Эта сказочная притча хранит народную память о древнейшем испытании вер. Оно произошло за десятки веков до прений о вере, которые в 987 году, по свидетельству «Повести временных лет», предшествовали крещению Руси. «Царь-медведь» – духовный вождь (жрец) людей первобытной «медвежьей веры». «Царь» из притчи – представитель нового поколения. Он отправляется «на охоту» (на поиски иной веры, поскольку прежняя ему больше не по душе). В жажде истины он хочет «испить» из старого «колодца» (кладезя знаний), но царь-медведь (жрец) «хватает его за бороду» (пугает карами) и требует отдать в услужение «то, чего сам не знает» (будущее своих детей). Дома (вернувшись в себя), царь понимает свою малодушную ошибку и вместе с женой-царицей пытается её исправить. Они желают, чтобы дети выросли и сами сделали выбор, следовать старой вере или нет. Для этого их сажают в «разукрашенную словно палаты <…> преглубокую яму», но с «потолком» (ограждают от мира до времени), оставляют им «много запасов» (родительской любви) и «закидывает землёй» (скрывают словно медвежат в жилище, подобном берлоге, продолжая следовать верованиям в воскресительную силу медведя).

После смерти родителей (с окончанием их духовного влияния), медведь-жрец откапывает детей и говорит, что их отец его «обманул» (сразу не приобщил их к медвежьей вере). Запугав их «съедением» (посмертной гибелью в чреве земли), уносит «к себе в услуги». В его обители медведя «горы под самое небо уходят» (совершается множество обрядов и молитв), при этом в ней «пусто, никто не живёт» (нет последователей его веры). Дети, как в своё время их отец, просят медведя-жреца дать им «пить-есть» (взыскуют истины), и медведь уходит, чтобы найти пищу (слова убеждения) для своих духовных воспитанников. Тогда они начинают «слёзно плакать» (молиться) в страхе перед новыми угрозами.

В ответ к ним прилетает «ясный сокол» (проповедник свето-солнечной веры), пытается спасти их и поднимает «на своих крылышках» в поднебесье.
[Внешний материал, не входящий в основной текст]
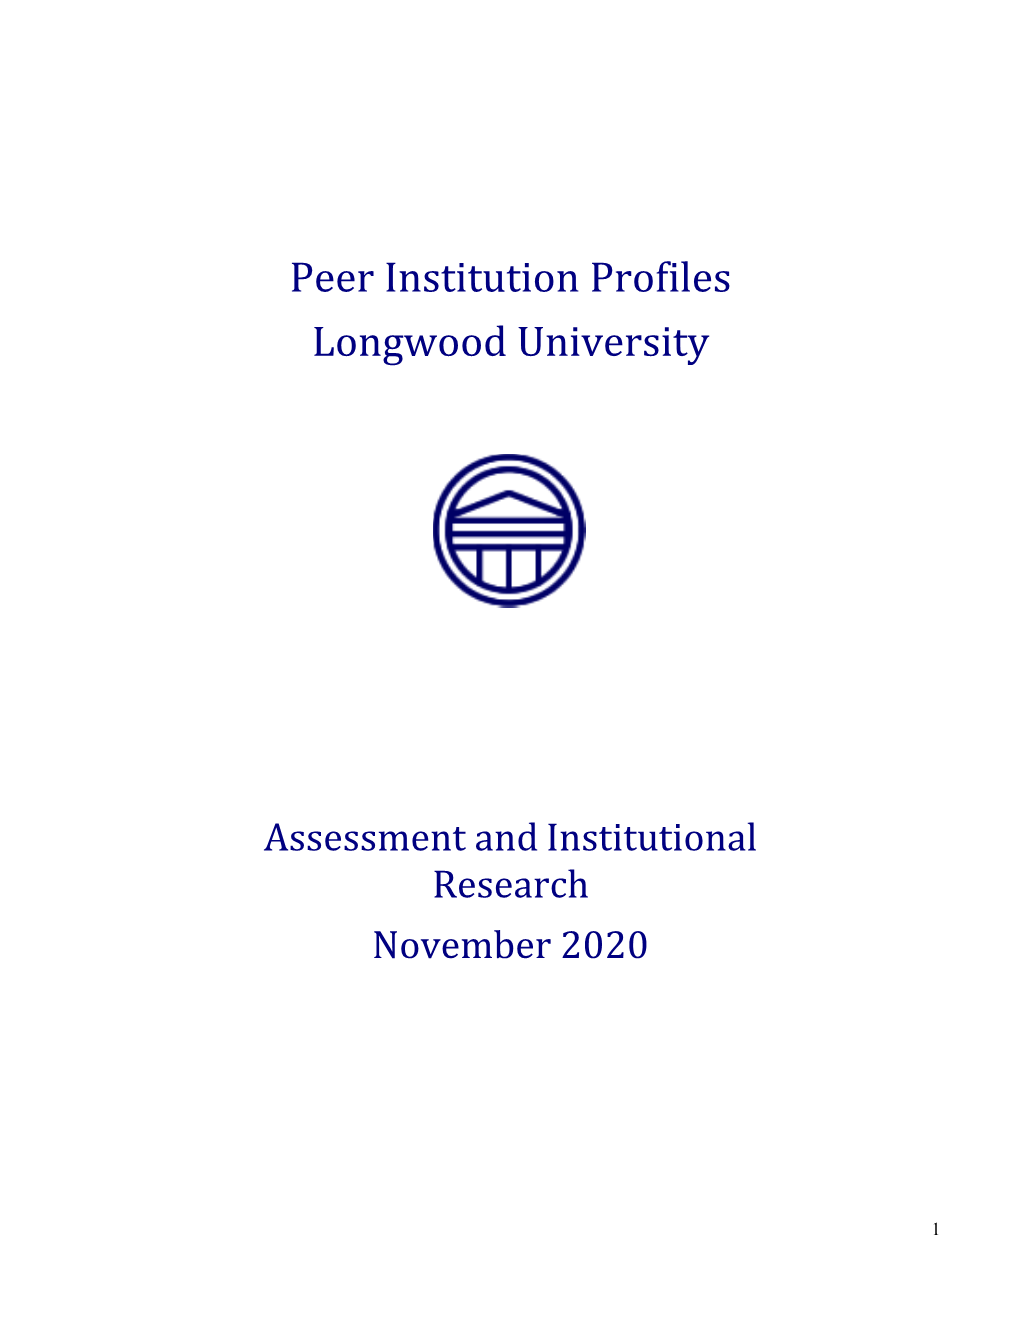 2020 Peer Institution Profiles

Медведь-жрец замечает бегство, «ударяется головой о сыру землю» (превращается в яростного зверя) и «огнем» (первобытных заклятий от смерти) «опаляет соколу крылья» (побеждает в споре о спасительности прежней и новой веры). Сокол уступает и опускает детей «наземь» (оставляет в плену медведя-жреца). Он вновь грозится «съесть» детей, и те в страхе обещают ему «верно служить». Затем повелитель их душ вновь показывает своё могущество и «опаляет крылья» более сильному «орлу» (новому проповеднику), «спустившемуся из-за облак». Видя, что древняя подземная мощь медведя побеждает всех небесных посланников, дети оправдываются («орел нас взманил») и обещают служить ему «верой-правдой».
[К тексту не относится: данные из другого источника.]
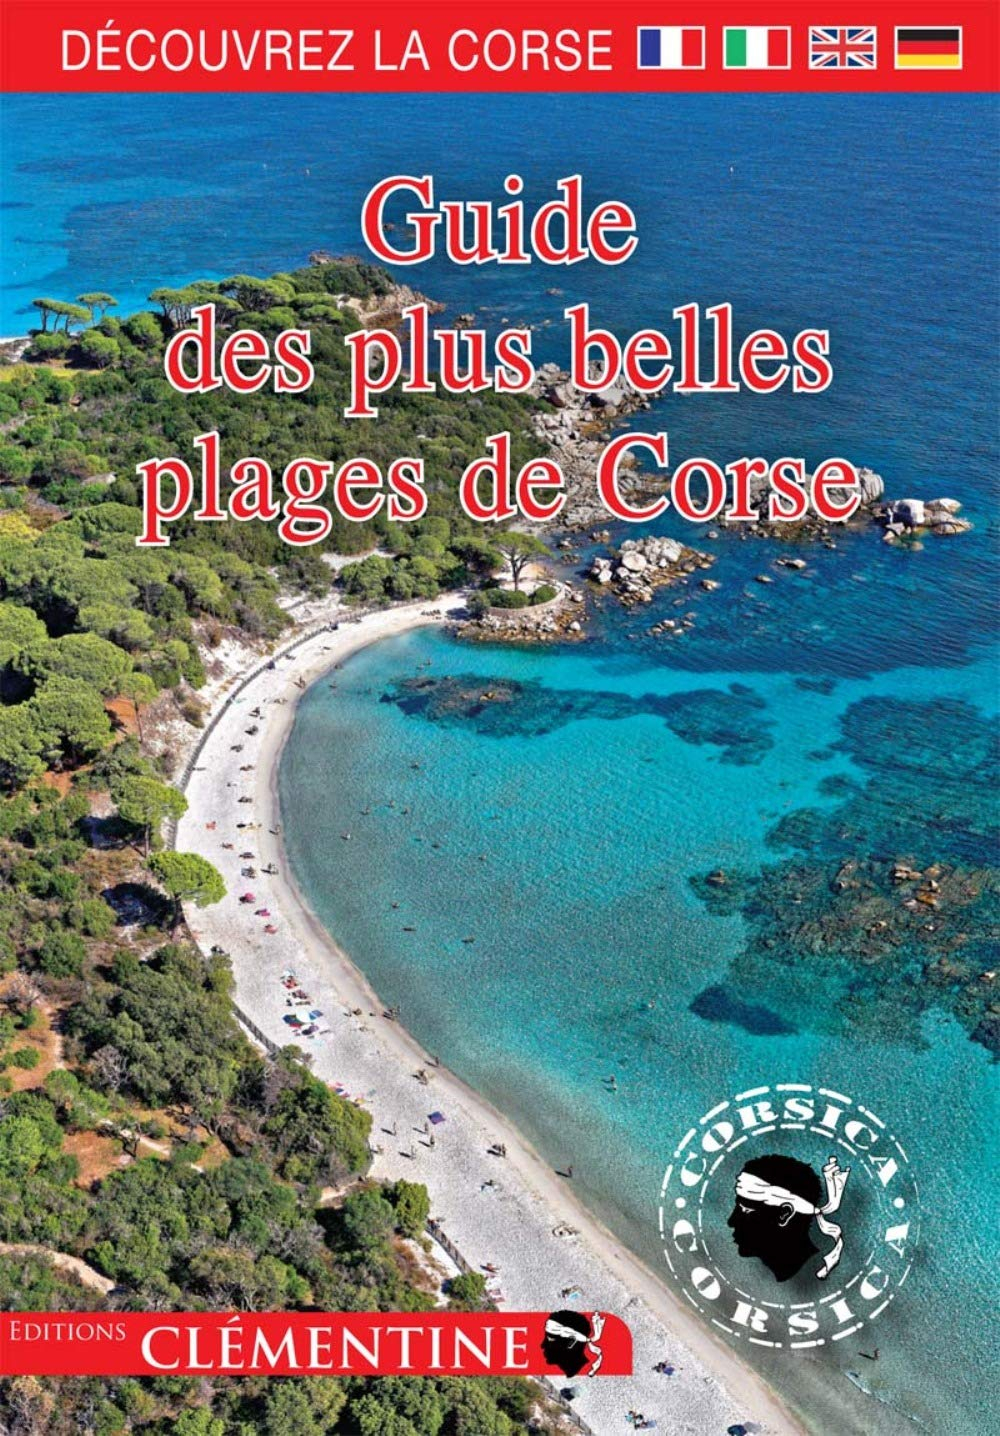 Guide des plus belles plages de Corse. The guide to Corsican beaches. La guida delle spiagge corse

Избавляет их «бычок» – олицетворение крестьянской веры в помощь поднебесной Мать-сырой-земли. Бычок уносит их на себе, и когда медведь настигает беглецов, дважды простецки «залепляет» медвежьи глаза грязью (побеждает в споре земными, бесхитростными доводами). Тот убегает «на сине море глаза промывать» (пытается отыскать смысл, потерянный в споре) и опять нагоняет беглецов. Тогда бычок вручает царевичу «гребешок» и платок-«утиральник» (что означает соху и вспаханную ниву). Тот бросает их «позадь себя» (становится земледельцем), и перед медведем вместо древесной чащи встаёт «густой лес» (колосящиеся хлеба), а затем разливается «огненное озеро – волна из края в край бьет» (поле зрелой, золотой ржи, переливается под ветром).

Медведю-жрецу, властелину лесного царства, за его пределы хода нет. На «поляне» (опушке леса) бычок показывает царским детям «большой славный дом». Здесь начинается иная жизнь. Переход к ней знаменует обряд почетных похорон «бычка» в священном костре (огненном храме небесного света).[46] Спаситель детей заповедует: «сожгите меня, а пепел посейте на трех грядках: на одной грядке выскочит конь, на другой собачка, а на третьей вырастет яблонька». Дети не хотят расстаться с бычком (отказаться от скотоводческих обычаев), но он предрекает им наступление новой жизни селян: возделывание земли «на грядки» с помощью коня, охоту с собакой и садоводство.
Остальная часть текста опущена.